Reasons this didn’t have to be fanfiction: 2
“Hi Draco!” I said in a depressed voice.
+150 internets to the first person who can exclaim a greeting in a depressed way.
“Hi Ebony.” he said back. We walked into his flying black Mercedes-Benz (the license plate said 666) and flew to the place with the concert.
The place with the concert. Since Tara clearly doesn’t give a fuck, I’m picturing the concert taking place in the midst of an all out battle between an army of clowns and an army of unicorns in space, I’d encourage you to do likewise.
On the way we listened excitedly to Good Charlotte and Marilyn Manson. We both smoked cigarettes and drugs.
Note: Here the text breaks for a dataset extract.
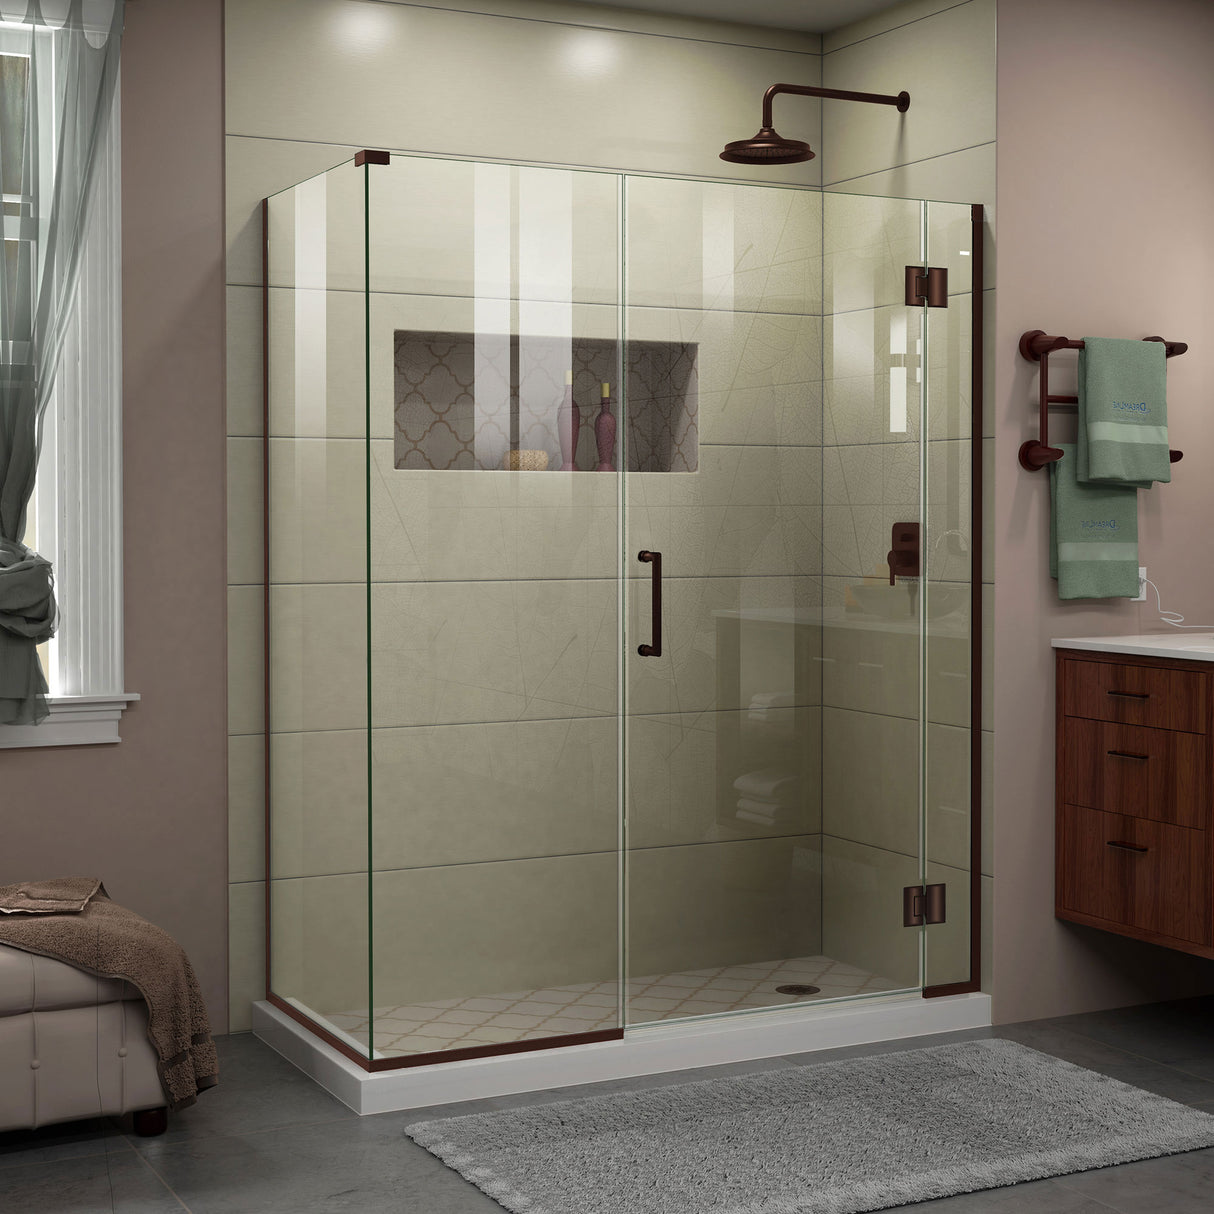 DreamLine Unidoor-X 45 1/2 in. W x 34 3/8 in. D x 72 in. H Frameless Hinged Shower Enclosure in Oil Rubbed Bronze

Lipitor? Amoxicillin? Cyanide?
When we got there, we both hopped out of the car. We went to the mosh pit at the front of the stage
Which was filled with people who had big red noses and horses that had long silver horns, all floating around in zero gravity.
and jumped up and down as we listened to Good Charlotte.
“You come in cold, you're covered in blood
They're all so happy you've arrived
The doctor cuts your cord, hands you to your mom
She sets you free into this life.” sang Joel (I don’t own da lyrics 2 dat song).
“Joel is so fucking hot.” I said to Draco, pointing to him as he sung, filling the club with his amazing voice.
Suddenly Draco looked sad.
Join the club.
“What’s wrong?” I asked as we moshed to the music. Then I caught on.
“Hey, it’s ok I don’t like him better than YOU!” I said.
“Really?” asked Draco sensitively and he put his arm around me all protective.
Sue sign five, the author’s idea of the perfect guy immediately falls for her.
“Really.” I said. “Besides I don’t even know Joel and he’s going out with Hilary fucking Duff. I fucking hate that little bitch.” I said disgustedly, thinking of her ugly blonde face.
The views expressed by the characters are not necessarily those of the writer who created them. At least not in good stories. Here, I have a sneaking suspicion as to how Tara feels about Hilary fucking Duff.
The night went on really well, and I had a great time. So did Draco. After the concert, we drank some beer
Which had no effect on Ebony because she’s a vampire.
and asked Benji and Joel for their autographs and photos with them. We got GC concert tees. Draco and I crawled back into the Mercedes-Benz, but Draco didn’t go back into Hogwarts,
Well after being in the midst of a war in space, who can blame him?
instead he drove the car into……………………… the Forbidden Forest!